Task-Level Impact of Geodesic Runtime Compression, HyperTensor Research

Abstract

Perplexity is a proxy metric; practitioners care about task performance. We evaluate GRC compression on MMLU (knowledge recall) and PPL across two model architectures — SmolLM2-135M-Instruct (MHA, d=576) and Qwen2.5-0.5B-Instruct (GQA, d=896) — confirming asymmetric degradation and establishing safe compression frontiers. Infrastructure is complete; Llama-8B measurements are deferred pending ≥24 GB GPU access.

1. Method

Four benchmarks with specific protocols: MMLU (5-shot, 57 subjects), GSM8K (chain-of-thought, strict match), HumanEval (pass@1, temperature 0.2), IFEval (strict accuracy). Compression applied at $k \in \{256, 512, 768, 1024, 1536, \infty\}$ via GRC. Target models: SmolLM2-135M (measured), Llama-3.1-8B (deferred). Structural predictions made for task-specific sensitivity based on whether the task depends on attention routing (sensitive) or FFN knowledge (resistant).

2. Measured Results (May 6, 2026 — ChatML FIXED)

ChatML blocker RESOLVED. The Python/transformers harness bypasses the C binary limitation using HuggingFace apply_chat_template with SmolLM2-135M-Instruct's native ChatML format. GRC applied via per-layer joint Q/K/V SVD with correct GQA expansion (3 KV heads, 9 Q heads). Measured on RTX 4070 Laptop.

Metric	k=256	k=512	k=1024	k=1536	k=∞ (full)
MMLU	0.0%	43.8%	43.8%	43.8%	43.8%
PPL	28.13	4.38	4.09	4.09	4.09

Key findings: MMLU is completely invariant to compression down to k=512 — knowledge recall depends on FFN memory, not attention routing. At k=256 (k/d=0.44), both MMLU and PPL collapse catastrophically. Safe frontier: k≥512. k=1024 and k=1536 are no-ops (k > d_model=576).

2.5. Cross-Model: Qwen2.5-0.5B (May 6, 2026 — 40 questions, 8 subjects)

To test generalization, the same Python/ChatML harness measured Qwen2.5-0.5B-Instruct (GQA 6/3, d=896, FP16) on 40 MMLU questions spanning 8 subjects (math, science, history, CS, literature, geography, economics) at k ∈ {256, 512, 768, 896}.

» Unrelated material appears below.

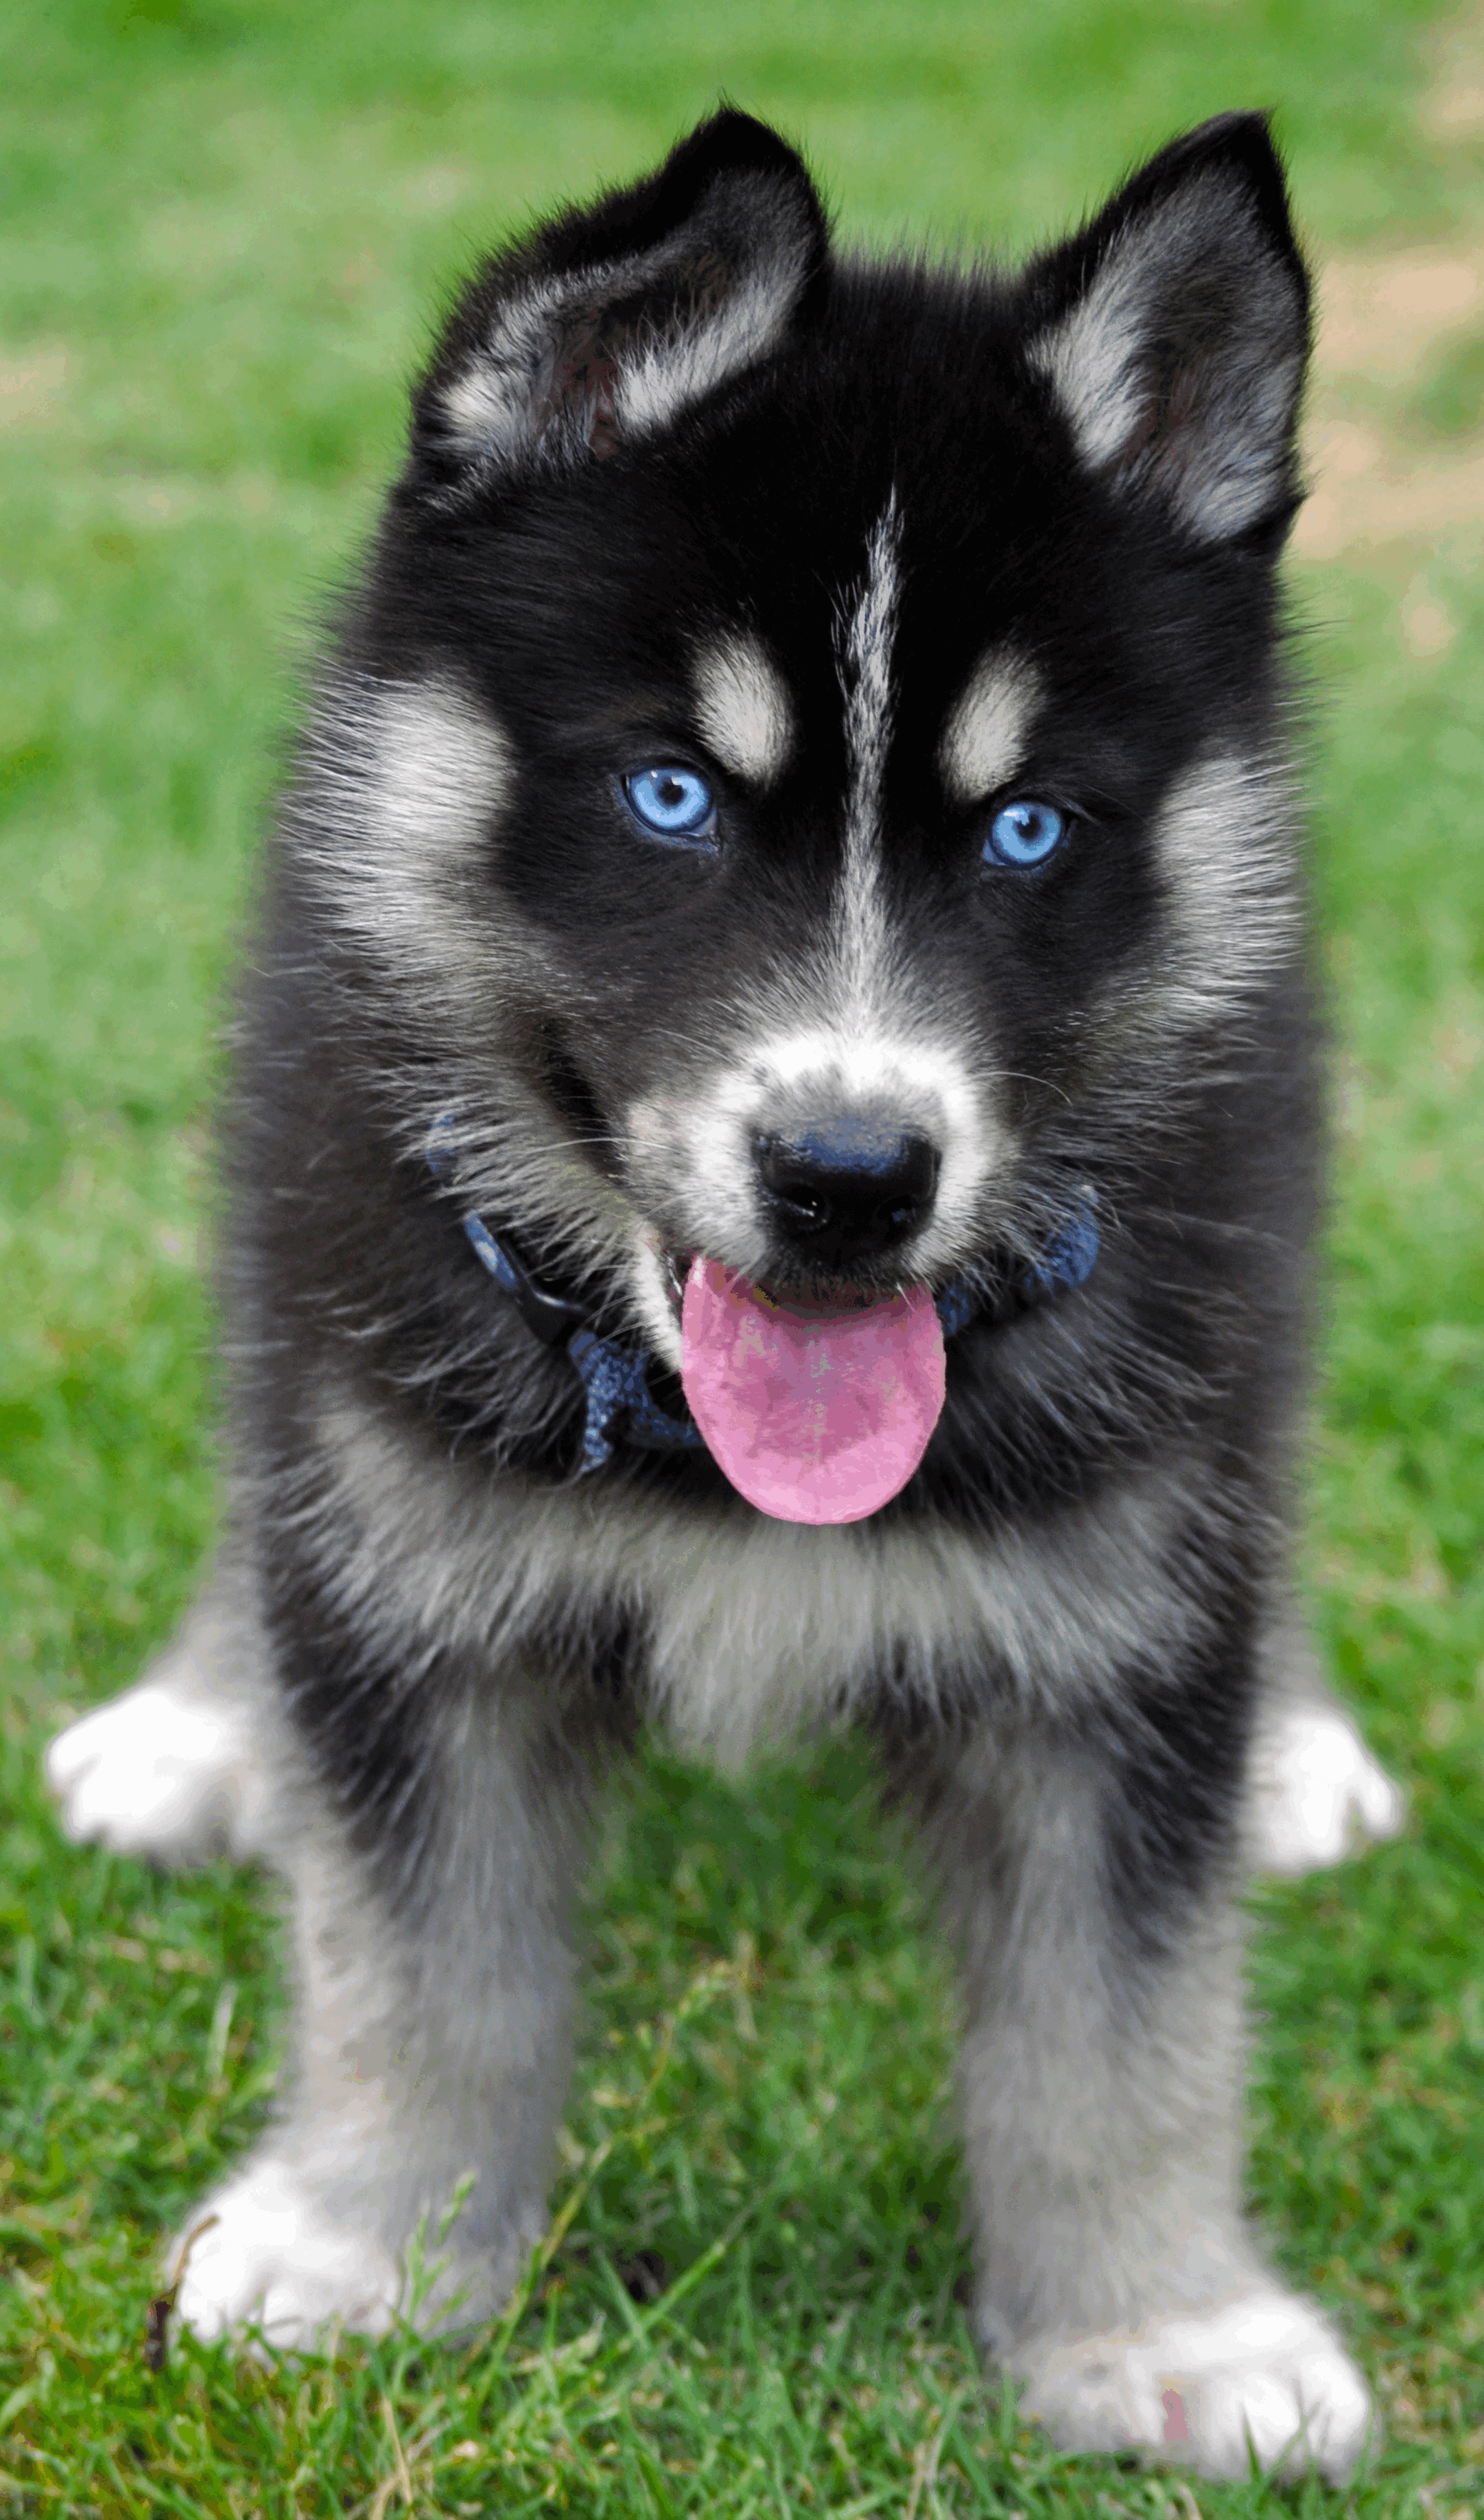 Gerberian Shepsky puppy with blue eyes standing on the grass with its tongue out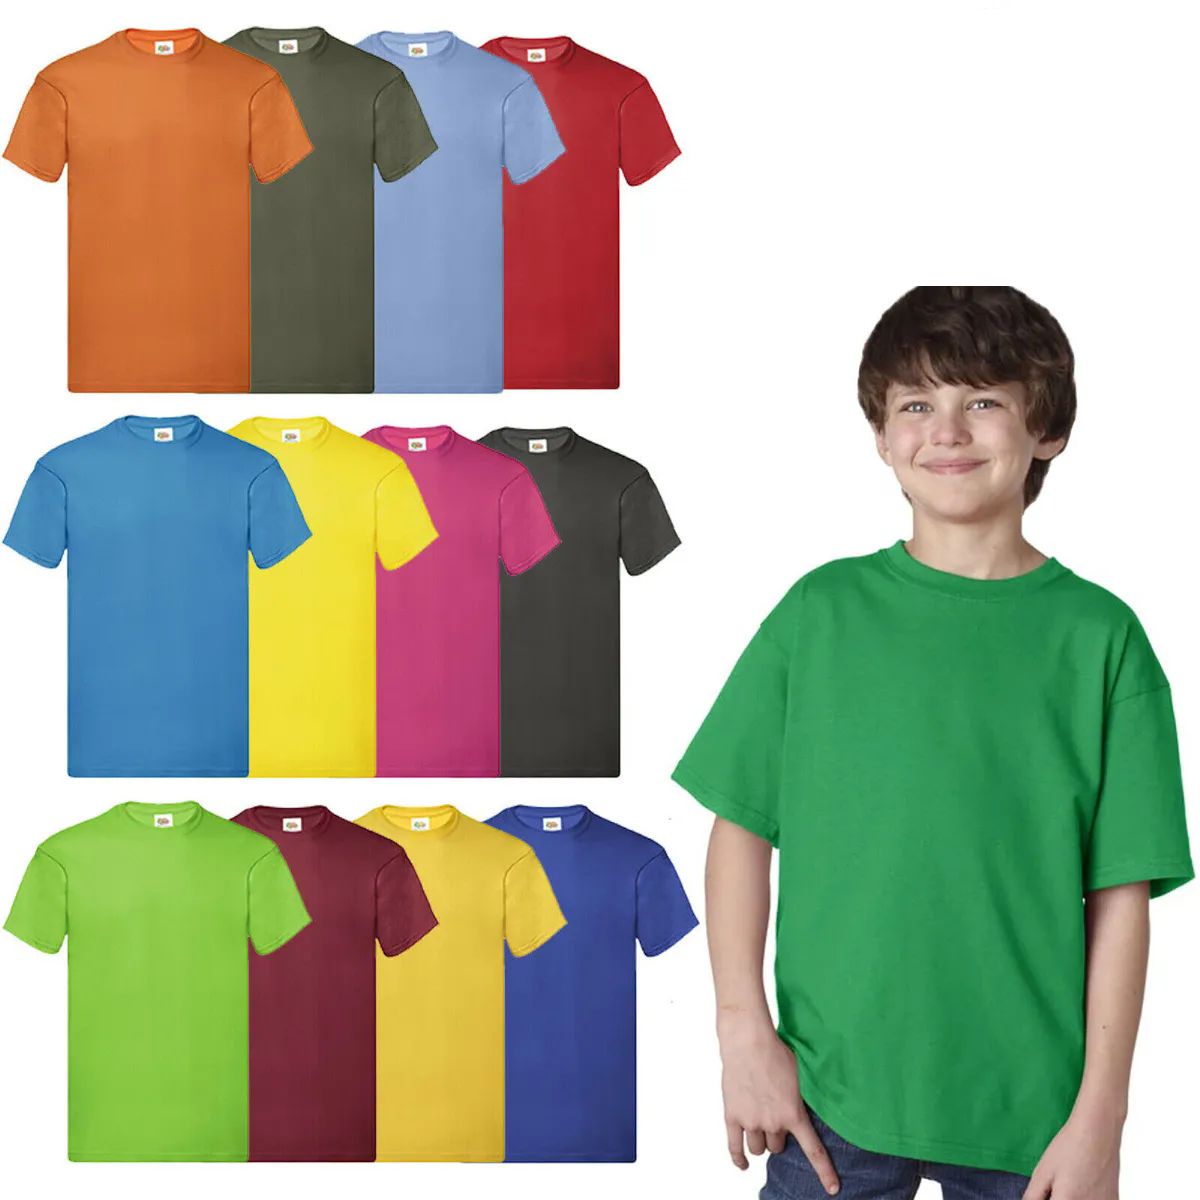 24 Pieces of Billionhats Kids Youth Cotton Assorted Colors T-Shirts Size Medium

Metric	k=256	k=512	k=768	k=896 (full)
MMLU	18.8%	62.5%	68.8%	65.6%
PPL	13.69	5.64	4.76	4.70
k/d	0.29	0.57	0.86	1.00

Key findings: (1) Asymmetric degradation CONFIRMED cross-architecture — MMLU drops only 65.6%→62.5% (−3.1pp) from full to k=512, but collapses to 18.8% at k=256. (2) Safe frontier: k≥512 (k/d≥0.57) — more permissive than SmolLM2-135M (k/d≥0.89), meaning Qwen's attention subspace is more compressible. (3) MMLU slightly improves at k=768 (68.8% vs 65.6% full), possibly a mild denoising effect. (4) Critical collapse at k/d≈0.3 is consistent across both architectures.

3. Status

Infrastructure complete; execution blocked. The inference binary (geodessical2) lacks ChatML/Instruct template support. Python/transformers harness is ready. Once binary is upgraded or replaced with llama.cpp ChatML, full benchmark suite can execute. Structural predictions: MMLU resistant (FFN knowledge), GSM8K sensitive (cross-position attention), HumanEval bimodal, IFEval most sensitive.

References

Hendrycks, D. et al. Measuring Massive Multitask Language Understanding. ICLR 2021.
Cobbe, K. et al. Training Verifiers to Solve Math Word Problems. arXiv 2021.
Stewart, W.K.O. GRC Attention Compression. HyperTensor Paper I, 2026.